Start of Exercise data
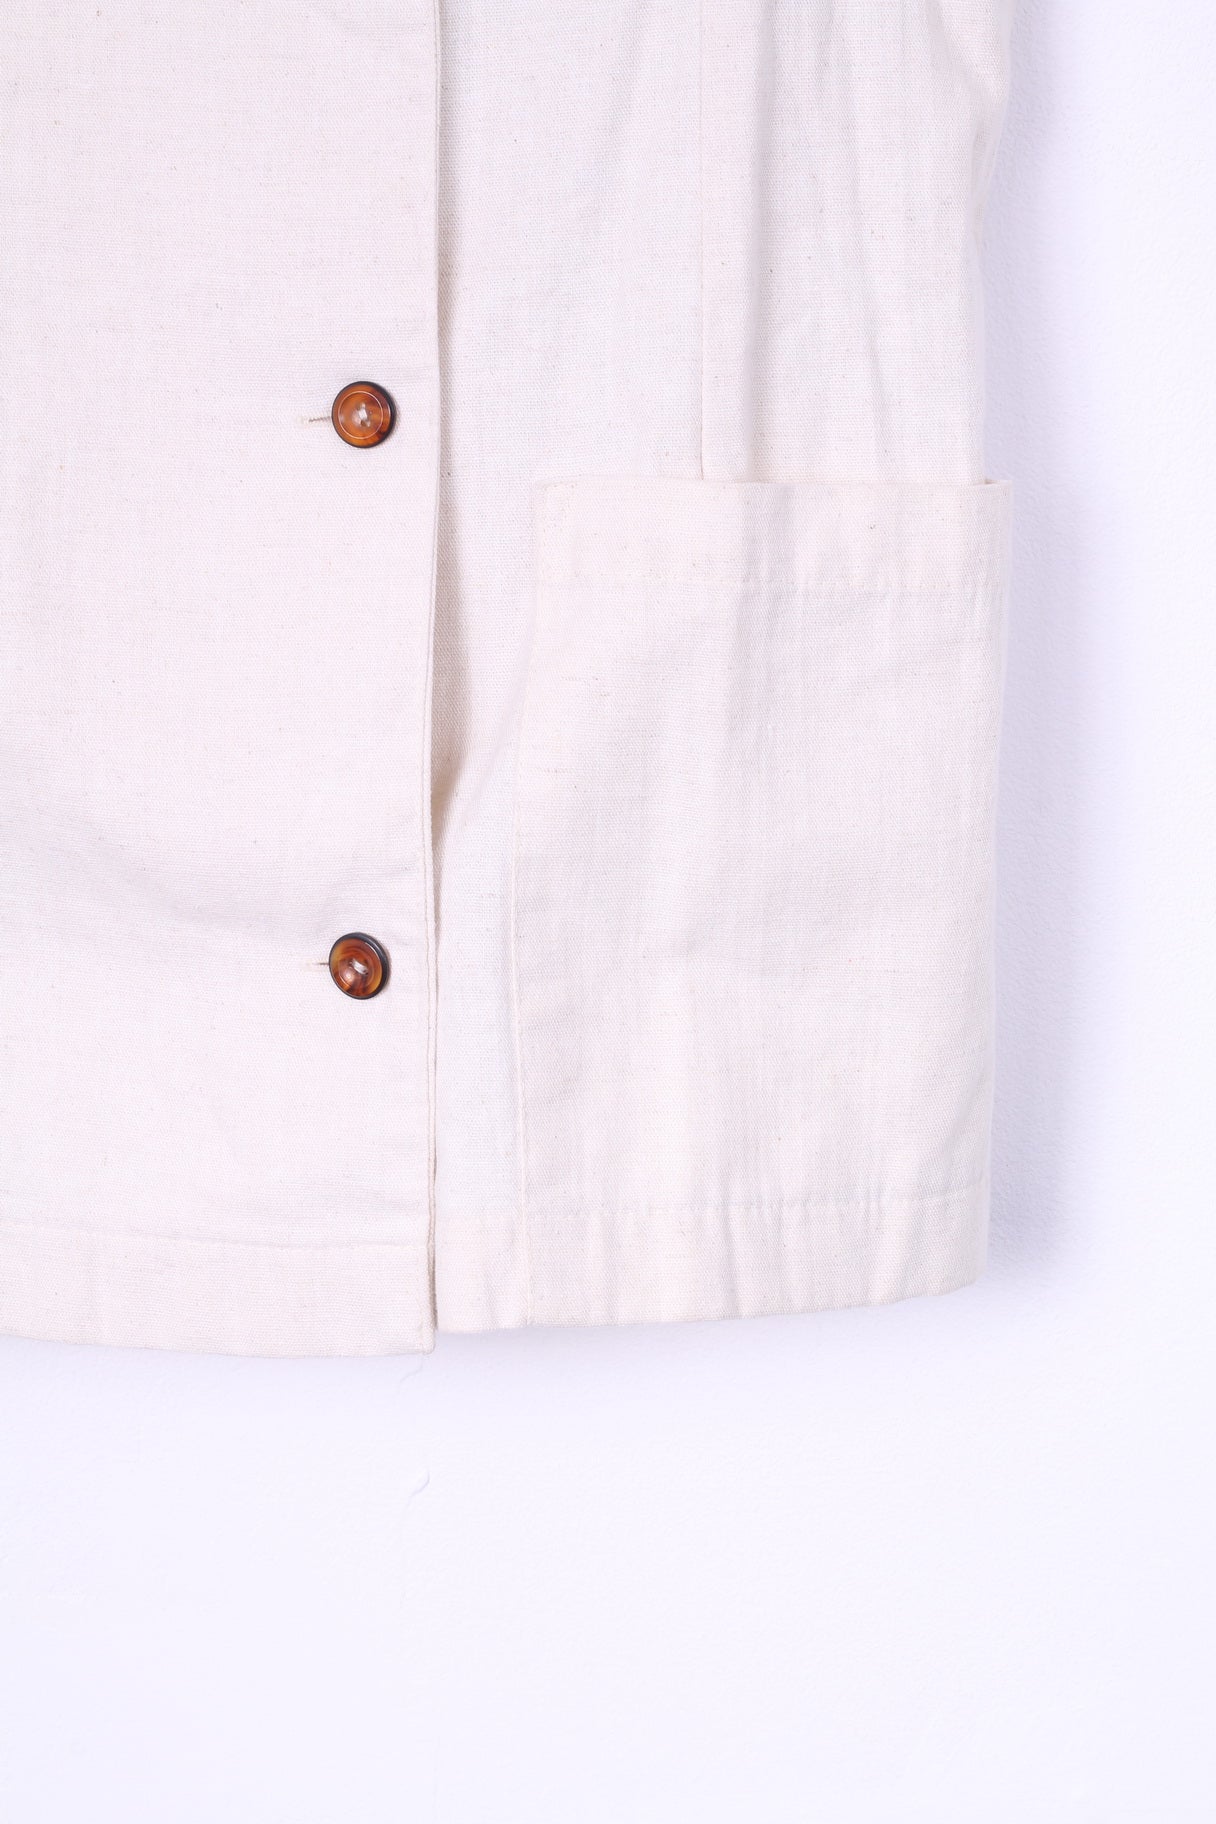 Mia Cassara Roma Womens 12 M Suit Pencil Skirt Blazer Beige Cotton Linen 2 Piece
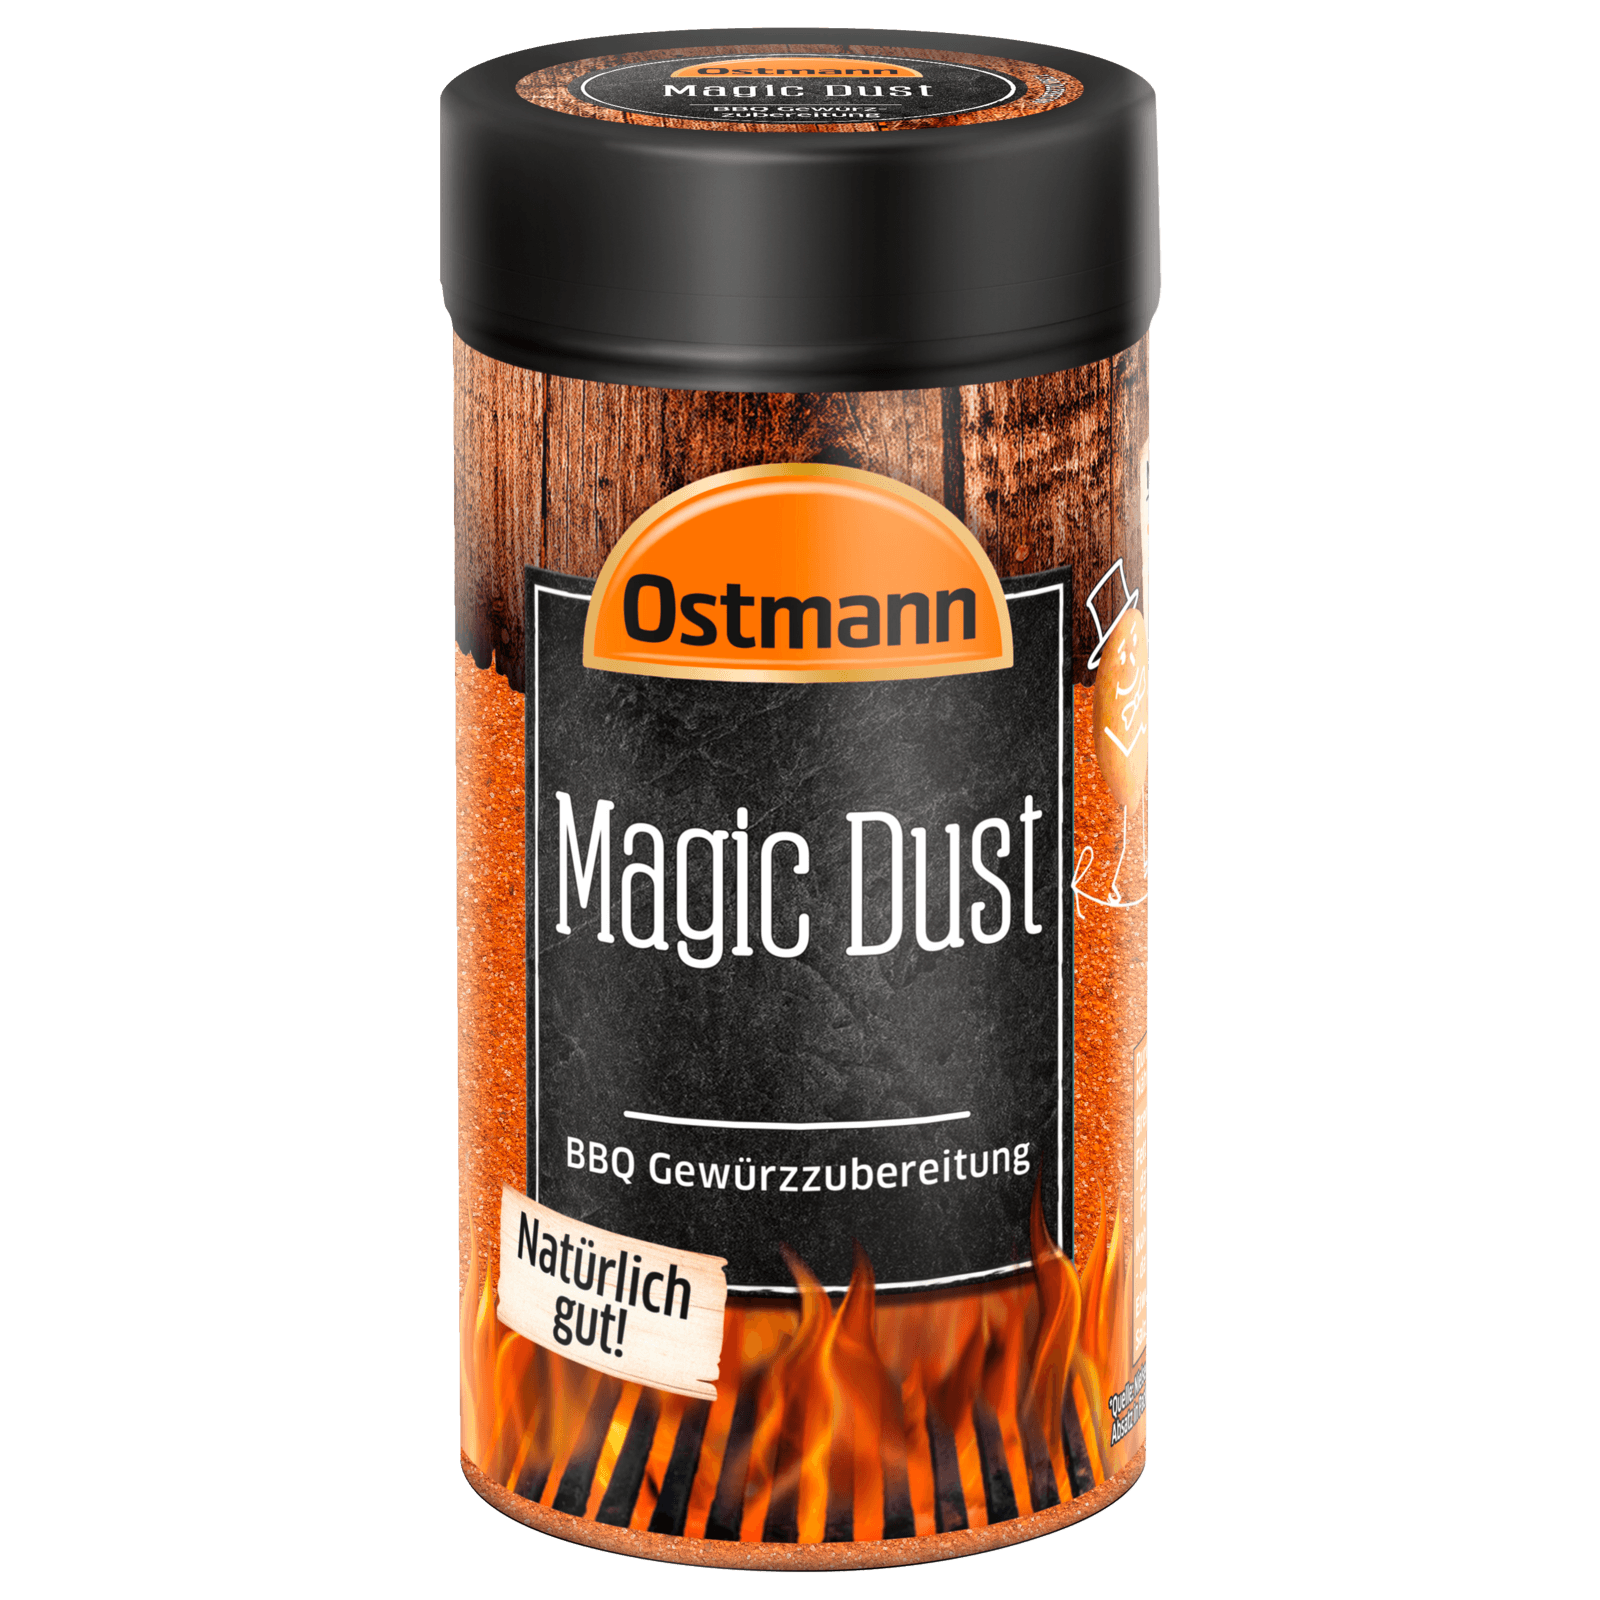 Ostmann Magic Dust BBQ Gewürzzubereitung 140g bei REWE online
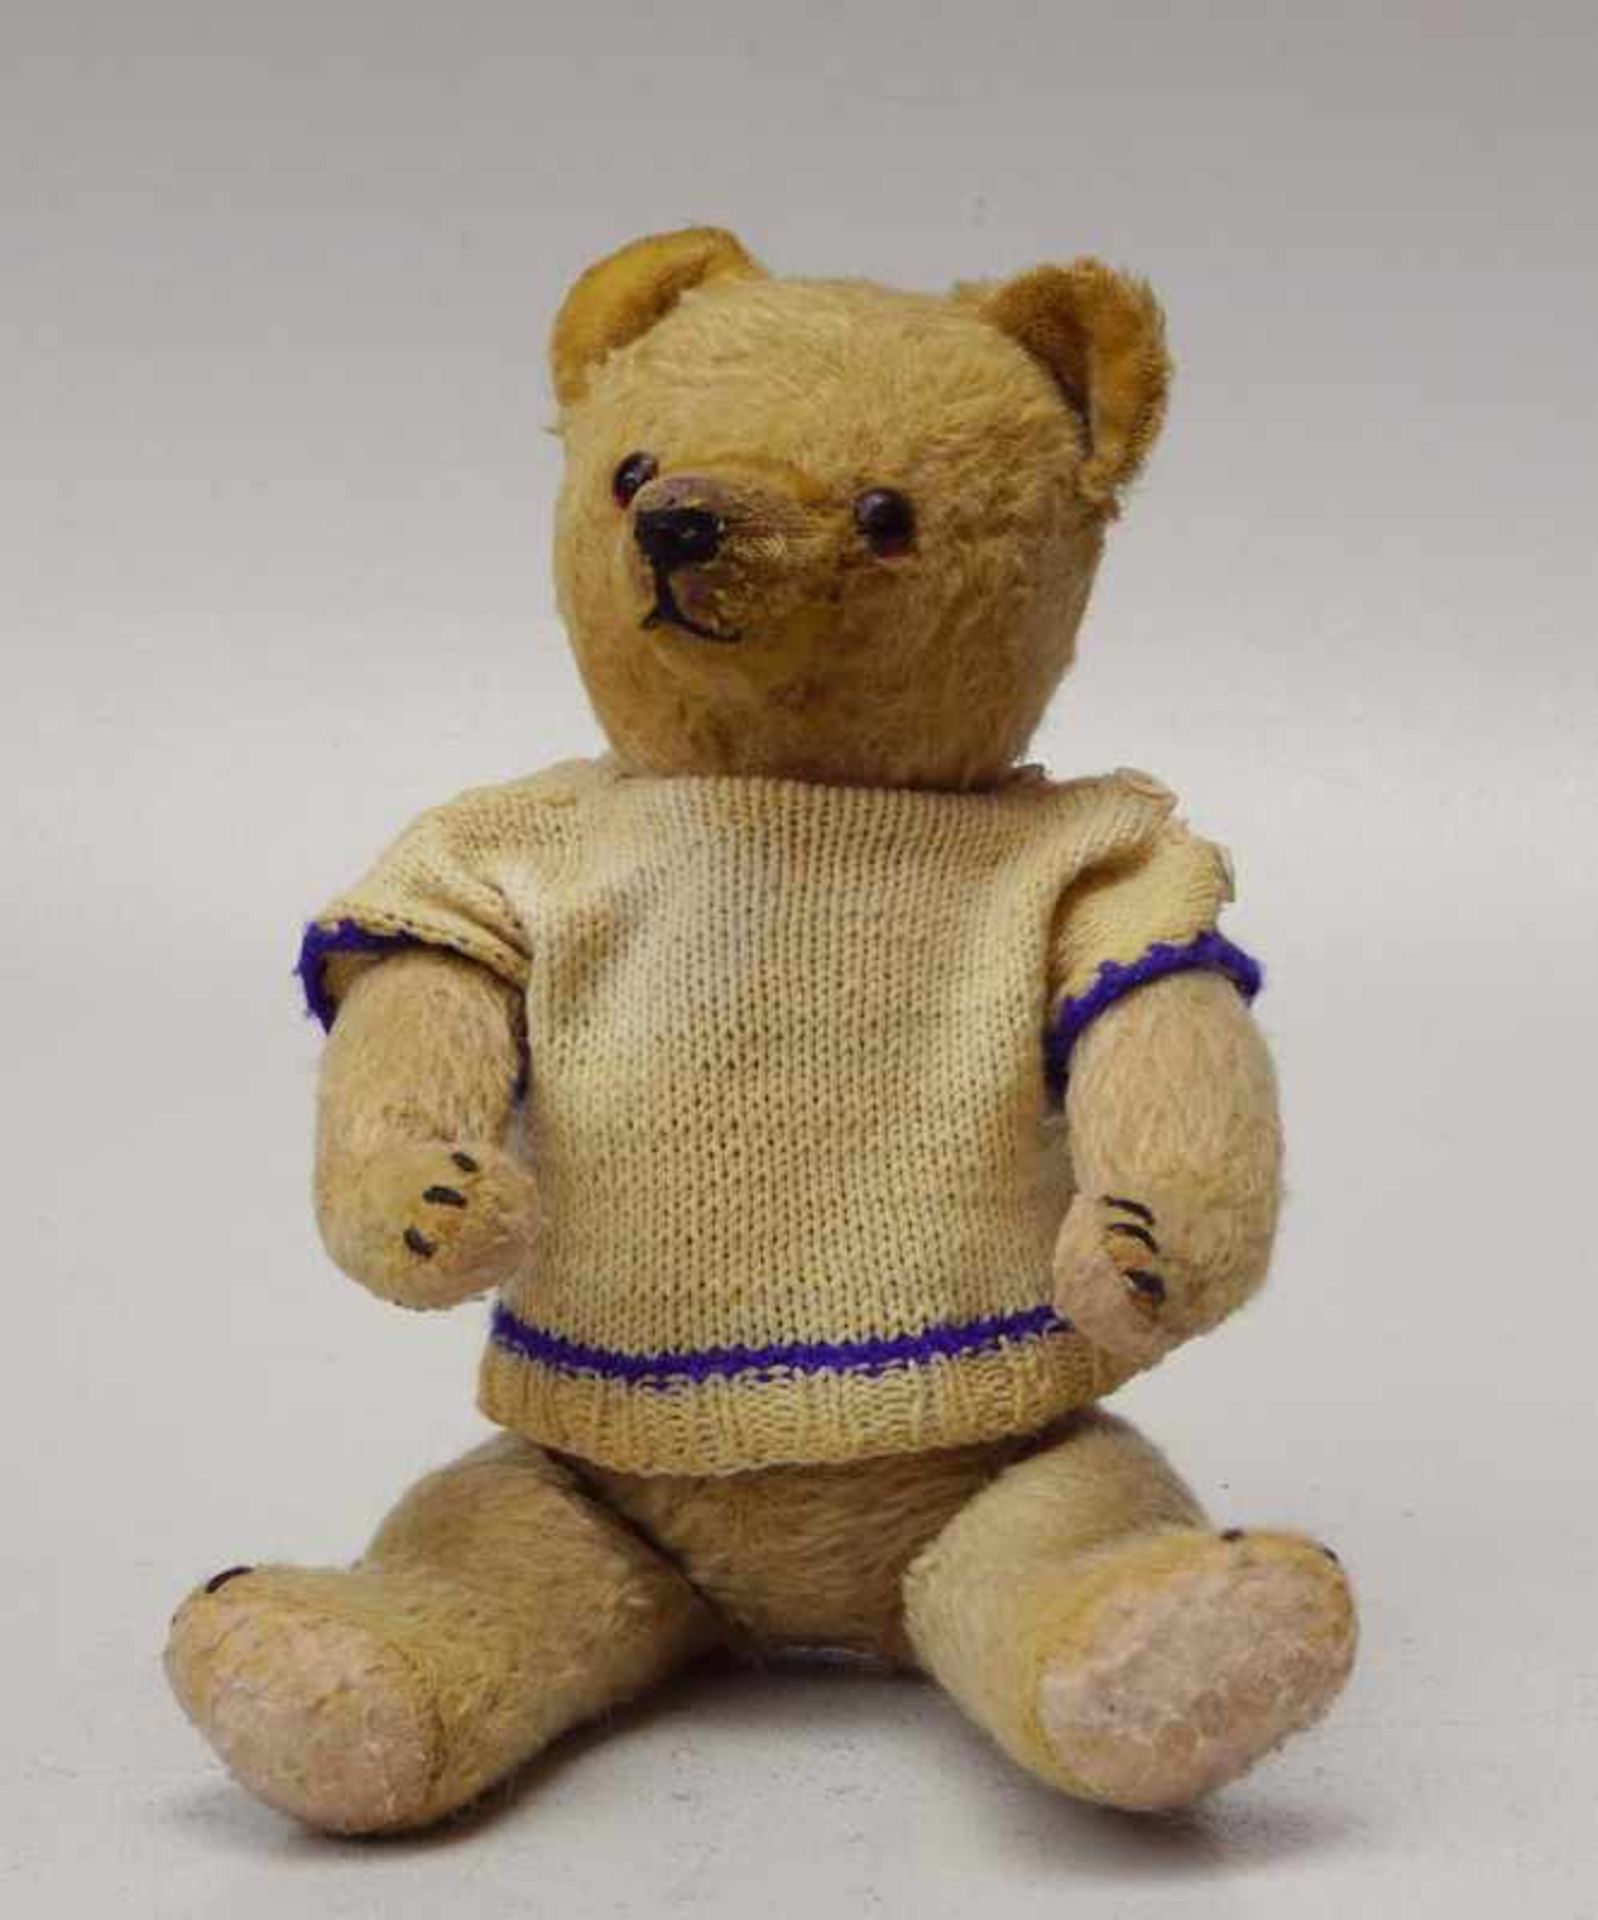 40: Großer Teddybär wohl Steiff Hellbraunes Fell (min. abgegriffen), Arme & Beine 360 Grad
End of Exercise data
**Task directions**
Leave the pictures out and copy the rest of the data exactly.

**Answer box**
 Mia Cassara Roma Womens 12 M Suit Pencil Skirt Blazer Beige Cotton Linen 2 Piece
 Ostmann Magic Dust BBQ Gewürzzubereitung 140g bei REWE online
 40: Großer Teddybär wohl Steiff Hellbraunes Fell (min. abgegriffen), Arme & Beine 360 Grad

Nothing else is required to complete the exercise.